As usual, I opened a map to envision all the possible destinations outside of Bali.  We opted to spend the bulk of the vacation in Bali since there were going to be pre- and post- wedding events but then the balance of the vacation had to be solved.  I figured that if I never got to go back, there were two places I had to see:  the Angkor Wat temple complex in Cambodia, and Bangkok (made famous by Murray Head with his one hit wonder in the 1980s!).  We ended up doing those and adding Phnom Penh (Cambodia’s capital) and Singapore (our Asian entry/exit point in our travels) to the trip.  We were flying around a bit so Phnom Penh we chose because we could just take a car and avoid a plane; but then also seeing the infamous killing fields of Pol Pot and the Genocide Museum were a strong draw as we felt they were memorials that we had to see to grasp better Cambodia’s past.
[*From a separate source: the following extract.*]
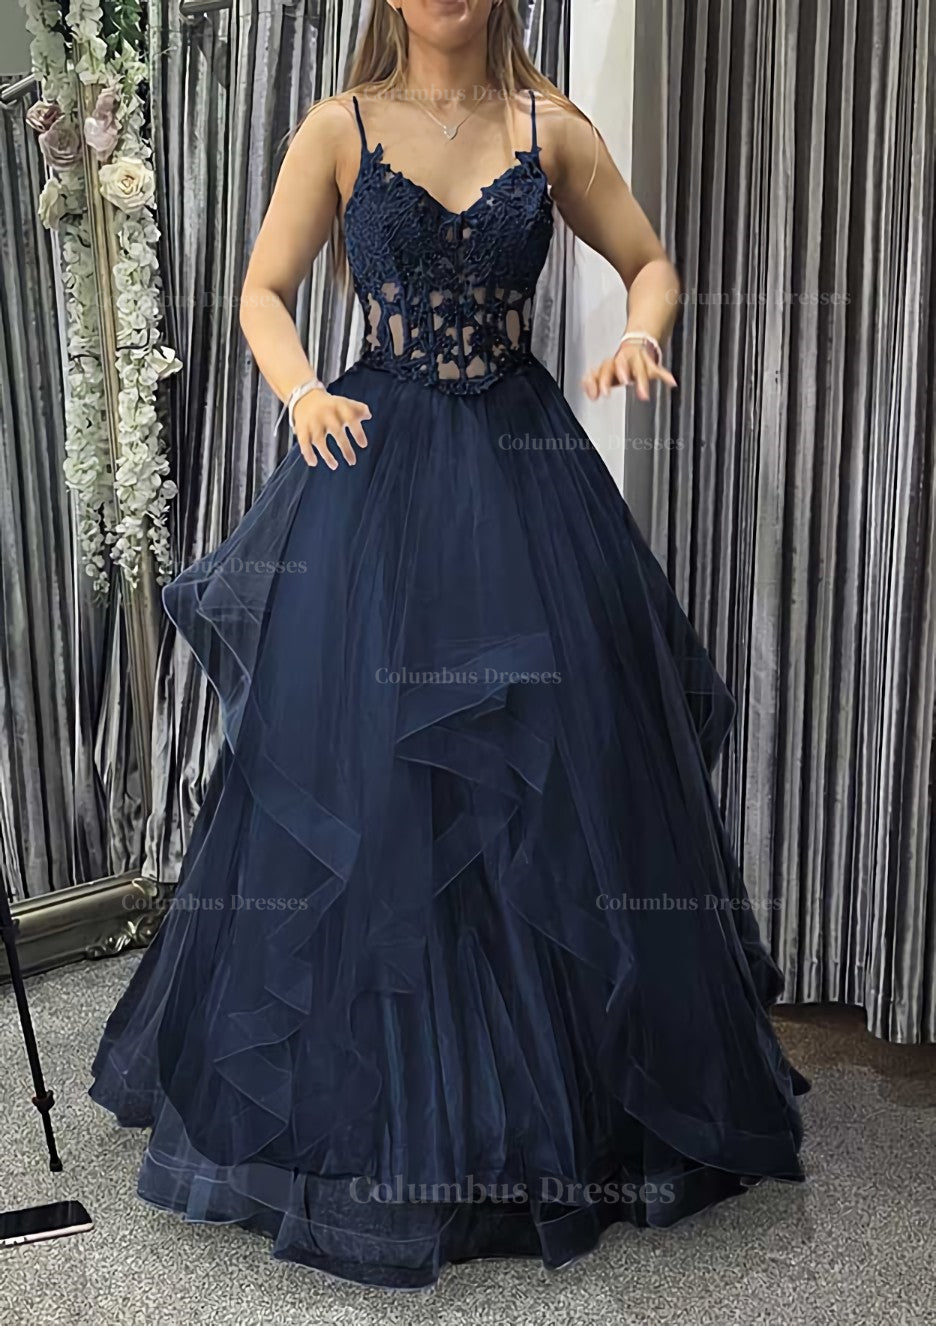 Party Dress Short Tight, A-line V Neck Sleeveless Long/Floor-Length Tulle Charmeuse Prom Dress With Appliqued Lace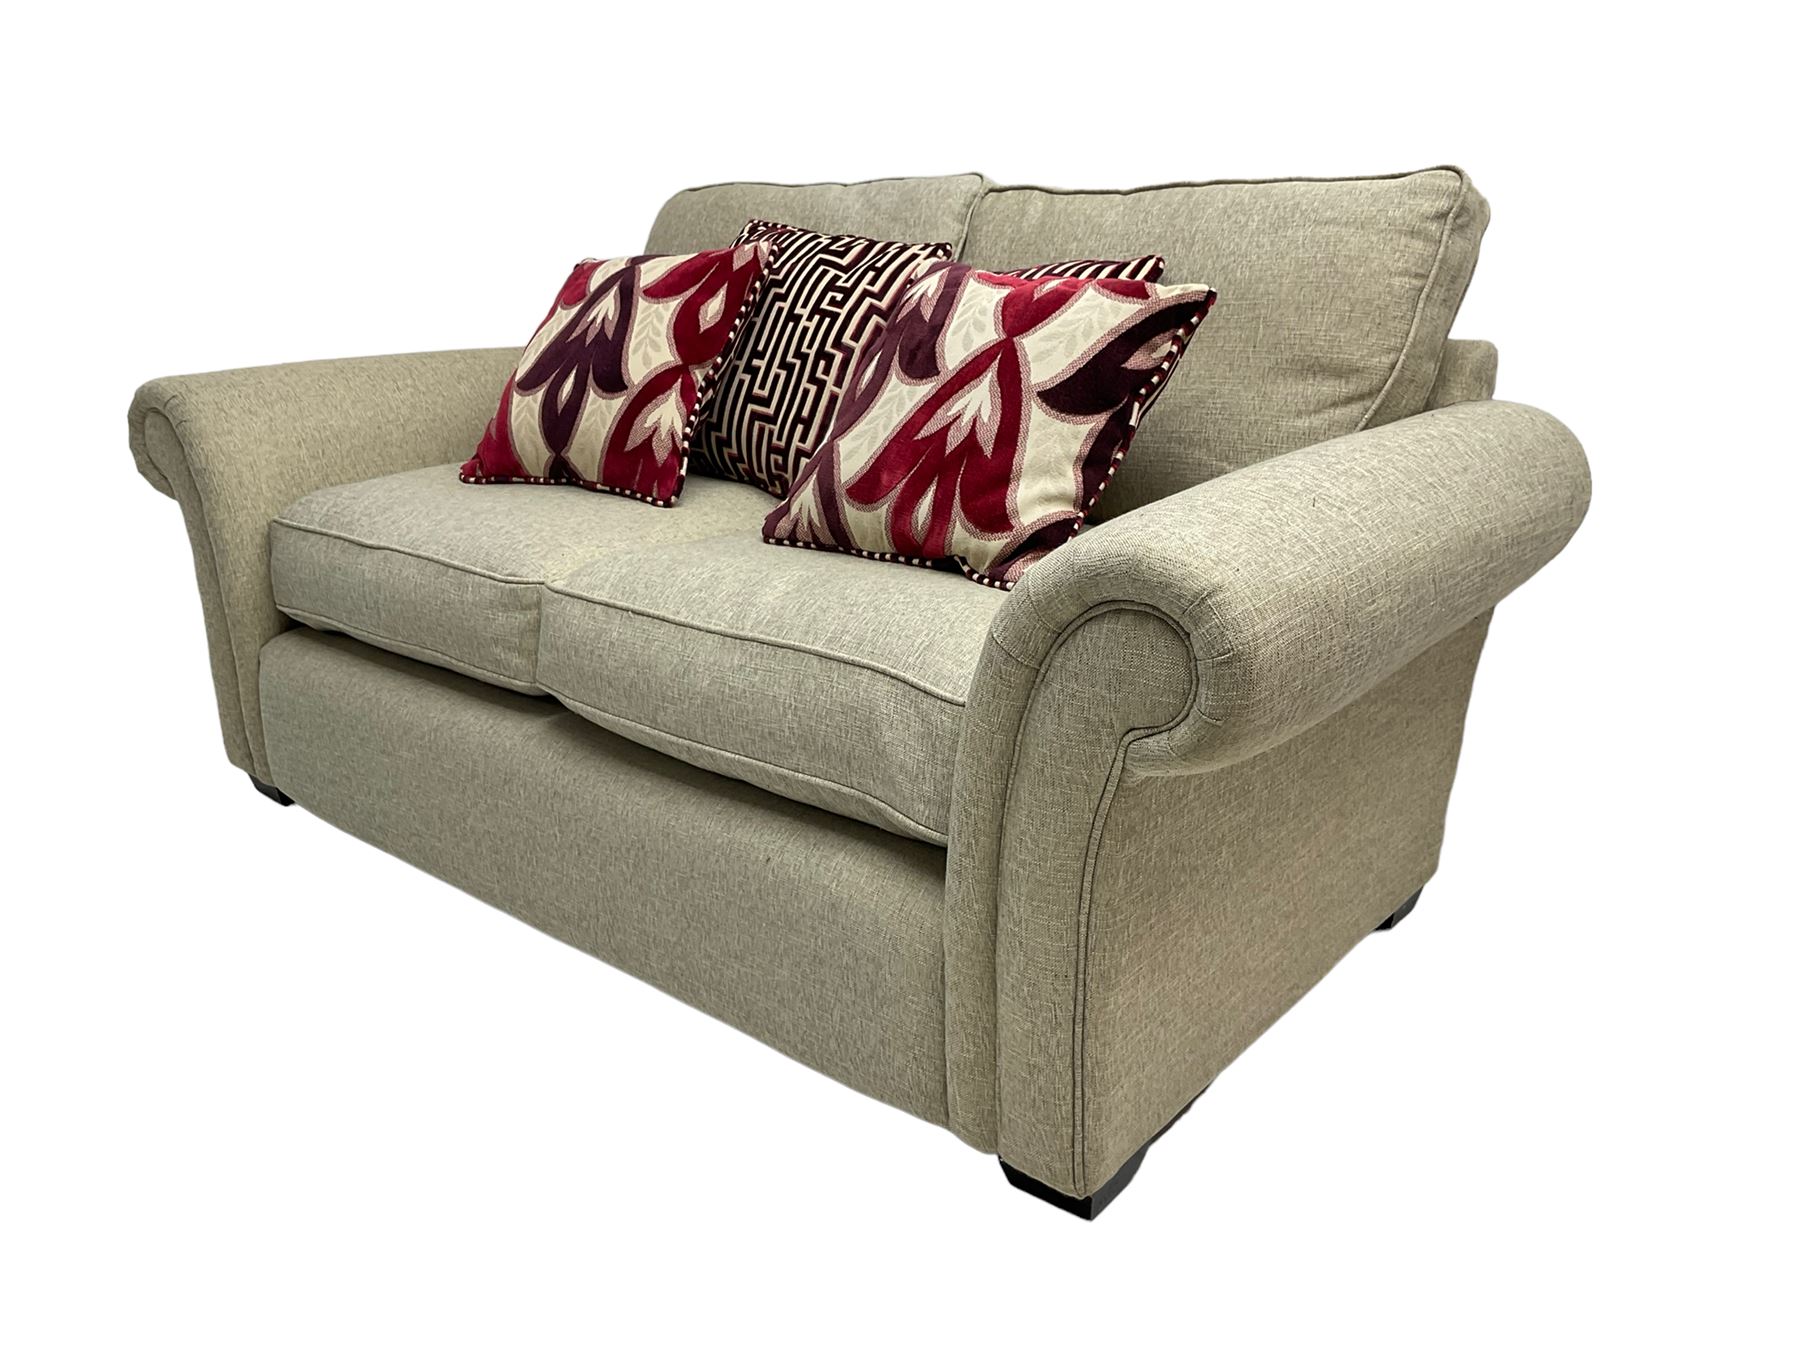 Two seater sofa - Image 2 of 6

Thanks to websites like TripAdvisor and Kayak, doing research and planning was not too hard (this is not a sponsored post, lol!).  The information in TripAdvisor was key in choosing hotels that fit what we were looking for (for example, a great property in Bali by the beach with a cool pool area).  Kayak I find easiest to use to compare and contrast not just airfares but routes – I had to solve the sequence of our destinations by ensuring I could find direct flights at the time of the day we wanted to leave or arrive at a given destination.  It all seems to have worked out well though at least one morning the departure was earlier than I really would have wanted – hindsight is 20-20, isn’t it?

The itinerary:

  • Bali:  5 days
  • Bangkok:  2 nights, 1 day (a FULL day!)
  • Cambodia: 3 nights, 3 days
  • Singapore:  2 nights, 1 day, and a few hours overnight at the airport
  • Delta airplane seat:  tons of hours!

So, in the next few weeks, I will be writing about each of these destinations and my favorite things.  A lot may have been on-the-beaten-path but there was some off-the-beaten-path that was spectacular and I can’t wait to write about it!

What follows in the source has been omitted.